In other news, Peter is currently working on and optimistic about HyPer. But we literally spent less than a minute talking about that
Before I get to the substance, there’s been a lot of renaming at Actian. To quote Andrew Brust,
… the ParAccel, Pervasive and Vectorwise technologies are being unified under the Actian Analytics Platform brand. Specifically, the ParAccel technology … is being re-branded Actian Matrix; Pervasive’s technologies are rechristened Actian DataFlow and Actian DataConnect; and Vectorwise becomes Actian Vector.
Actian … is now “one company, with one voice and one platform” according to its John Santaferraro
The bolded part of the latter quote is untrue — at least in the ordinary sense of the word “one” — but the rest can presumably be taken as company gospel.
All this is by way of preamble to saying that Peter reached out to me about Actian’s new Vector Hadoop Edition when he blogged about it last June, and we finally talked this week. Highlights include:
- Vectorwise, while being proudly multi-core, was previously single-server. The new Vector Hadoop Edition is the first version with node parallelism.
- Actian’s Vector Hadoop edition uses HDFS (Hadoop Distributed File System) and YARN to manage an Actian-proprietary file format. There is currently no interoperability whereby Hadoop jobs can read these files. However …
- … Actian’s Vector Hadoop edition relies on Hadoop for cluster management, workload management and so on.
- Peter thinks there are two paying customers, both too recent to be in production, who between then paid what I’d call a remarkable amount of money.*
- Roadmap futures* include:
- Being able to update and indeed trickle-update data. Peter is very proud of Vectorwise’s Positional Delta Tree updating.
- Some elasticity they’re proud of, both in terms of nodes (generally limited to the replication factor of 3) and cores (not so limited).

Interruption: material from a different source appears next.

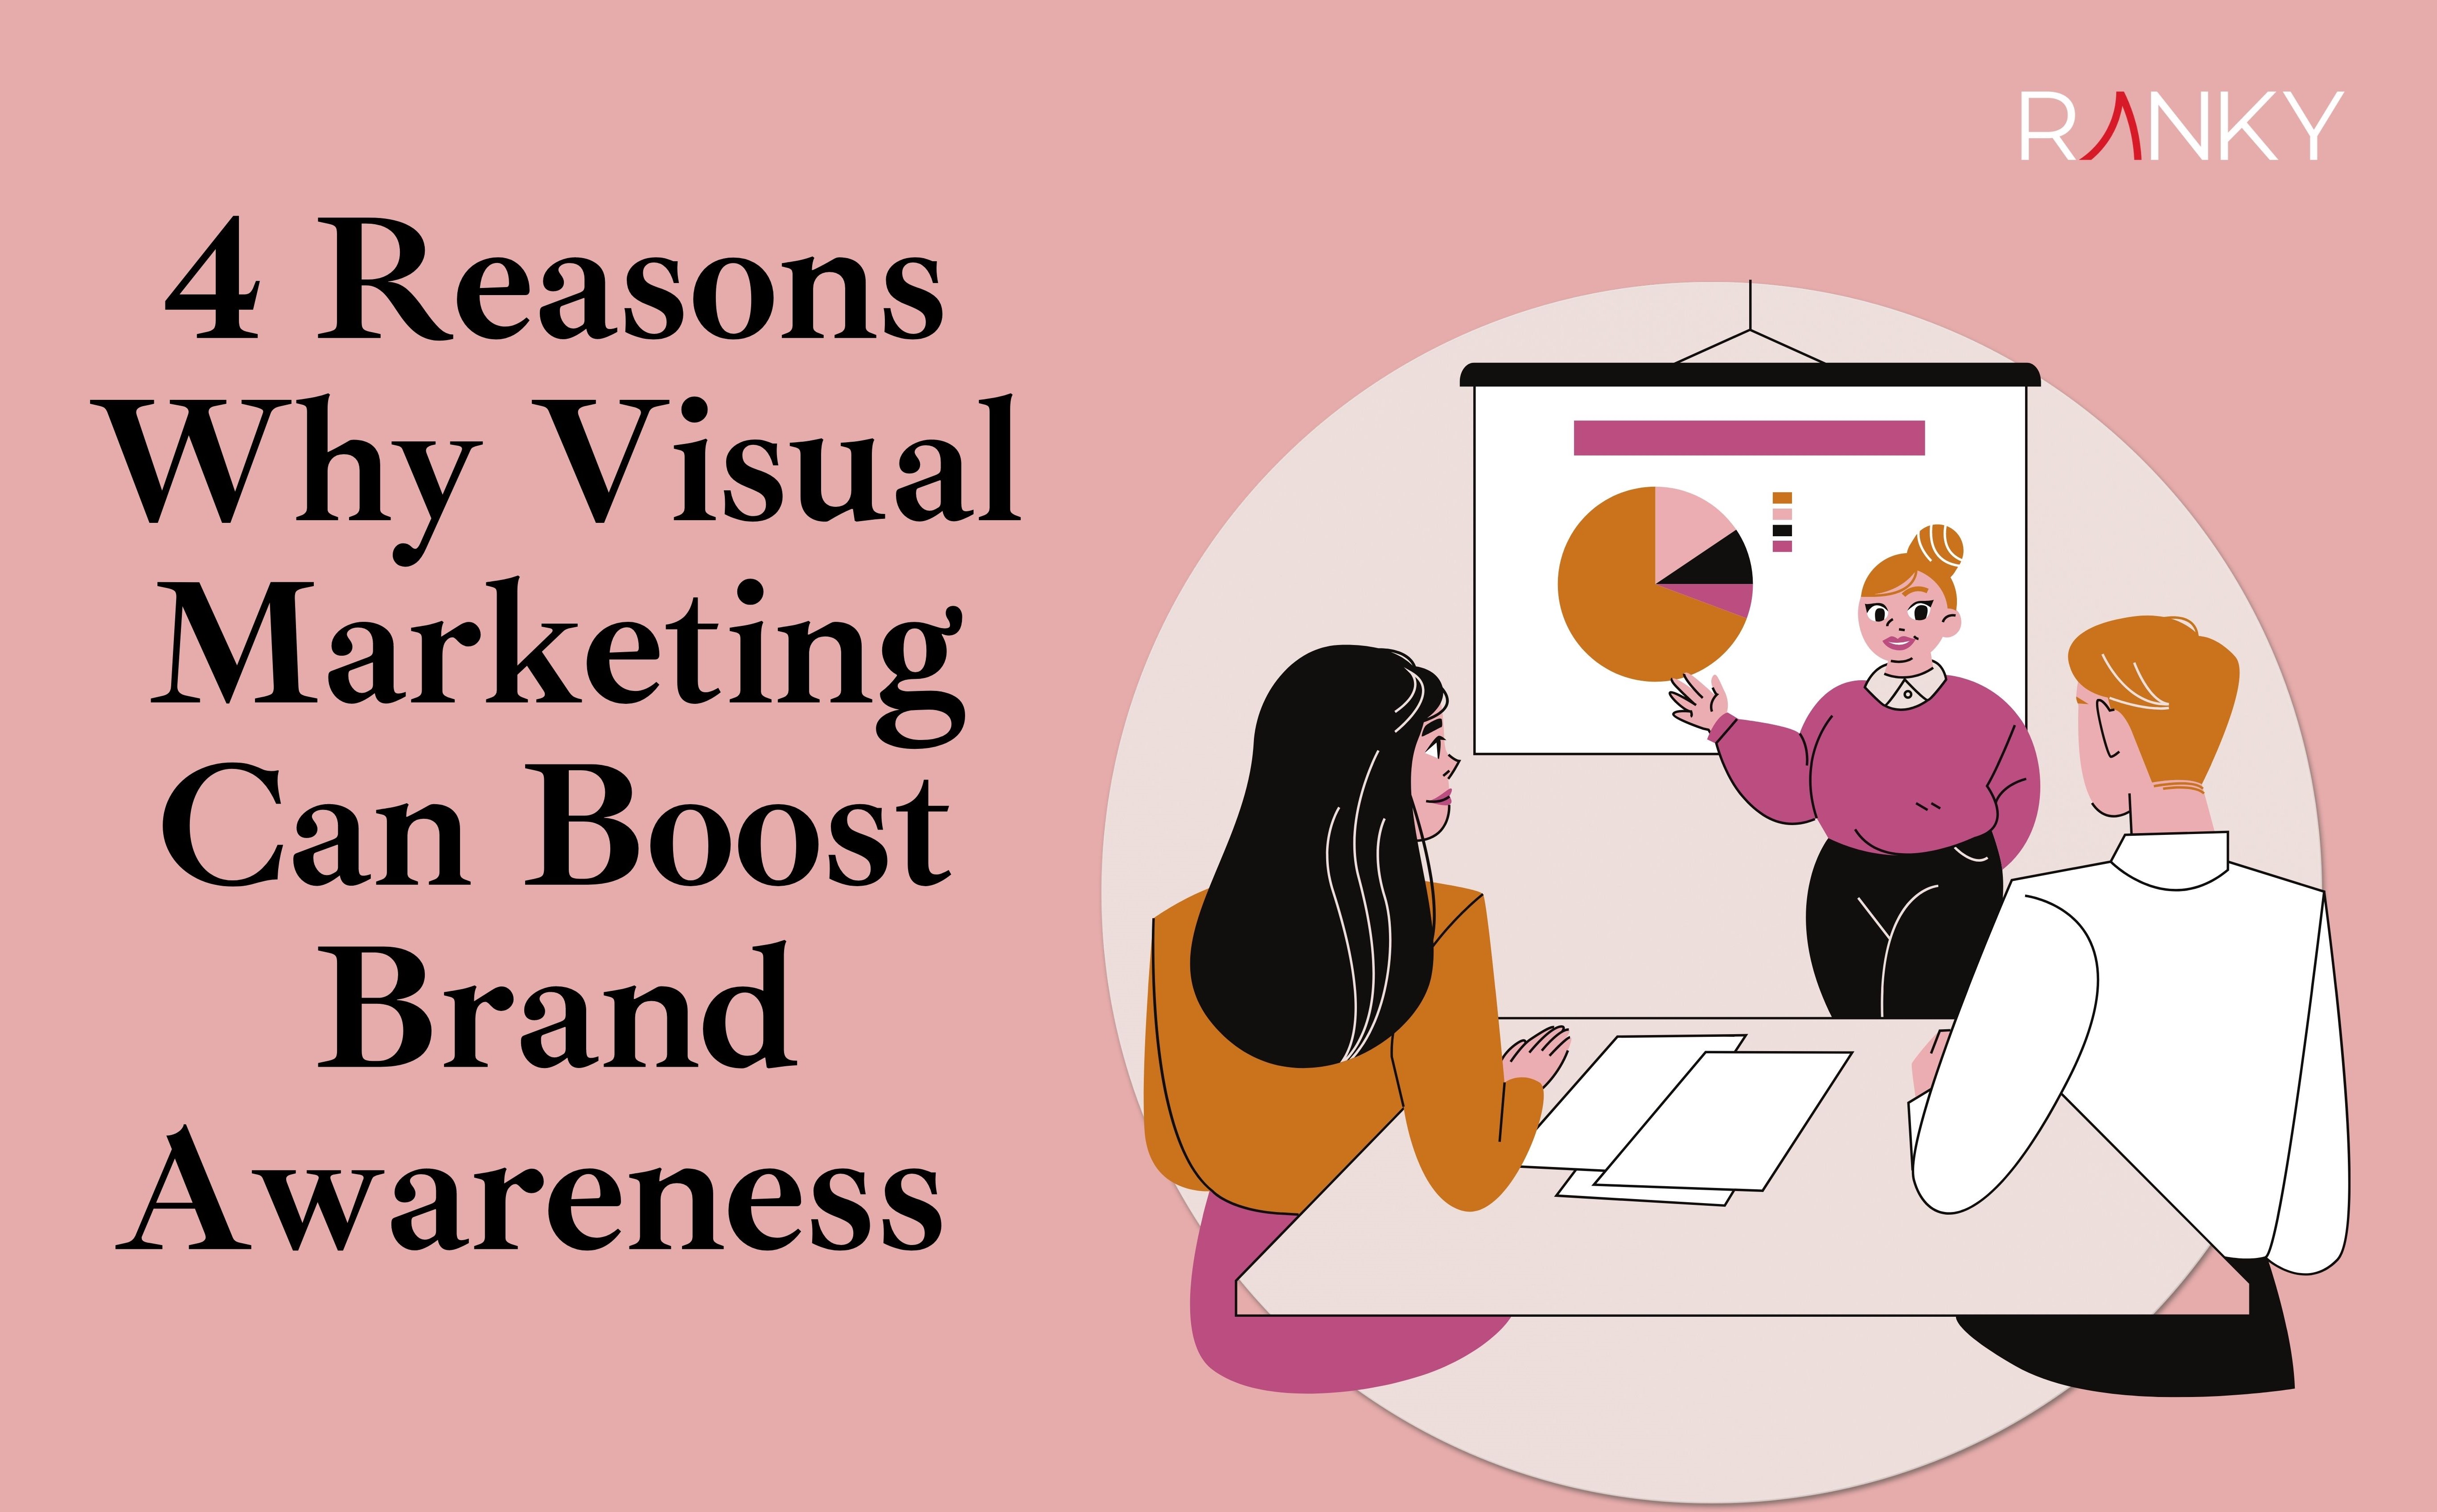 4 Reasons Why Visual Marketing Can Boost Brand Awareness

- Better interoperability with Hadoop.
Actian actually bundles Vector Hadoop Edition with DataFlow — the old Pervasive DataRush — into what it calls “Actian Analytics Platform – Hadoop SQL Edition”. DataFlow/DataRush has been working over Hadoop since the latter part of 2012, based on a visit with my then clients at Pervasive that December.
*Peter gave me details about revenue, pipeline, roadmap timetables etc. that I’m redacting in case Actian wouldn’t like them shared. I should say that the timetable for some — not all — of the roadmap items was quite near-term; however, pay no attention to any phrasing in Peter’s blog post that suggests the roadmap features are already shipping.
The Actian Vector Hadoop Edition optimizer and query-planning story goes something like this:
- Vectorwise started with the open-source Ingres optimizer. After a query is optimized, it is rewritten to reflect Vectorwise’s columnar architecture. Peter notes that these rewrites rarely change operator ordering; they just add column-specific optimizations, whatever that means.
- Now there are rewrites for parallelism as well.
- These rewrites all seem to be heuristic/rule-based rather than cost-based.
- Once Vectorwise became part of the Ingres company (later renamed to Actian), they had help from Ingres engineers, who helped them modify the base optimizer so that it wasn’t just the “stock” Ingres one.
As with most modern MPP (Massively Parallel Processing) analytic RDBMS, there doesn’t seem to be any concept of a head-node to which intermediate results need to be shipped. This is good, because head nodes in early MPP analytic RDBMS were dreadful bottlenecks.
Peter and I also talked a bit about SQL-oriented HDFS file formats, such as Parquet and ORC. He doesn’t like their lack of support for columnar compression. Further, in Parquet there seems to be a requirement to read the whole file, to an extent that interferes with Vectorwise’s form of data skipping, which it calls “min-max indexing”.
Frankly, I don’t think the architectural choice “uses Hadoop for workload management and administration” provides a lot of customer benefit in this case. Given that, I don’t know that the world needs another immature MPP analytic RDBMS. I also note with concern that Actian has two different MPP analytic RDBMS products. Still, Vectorwise and indeed all the stuff that comes out Martin Kersten and Peter’s group in Amsterdam has always been interesting technology. So the Actian Vector Hadoop Edition might be worth taking a look at before you redirect your attention to products with more convincing track records and futures.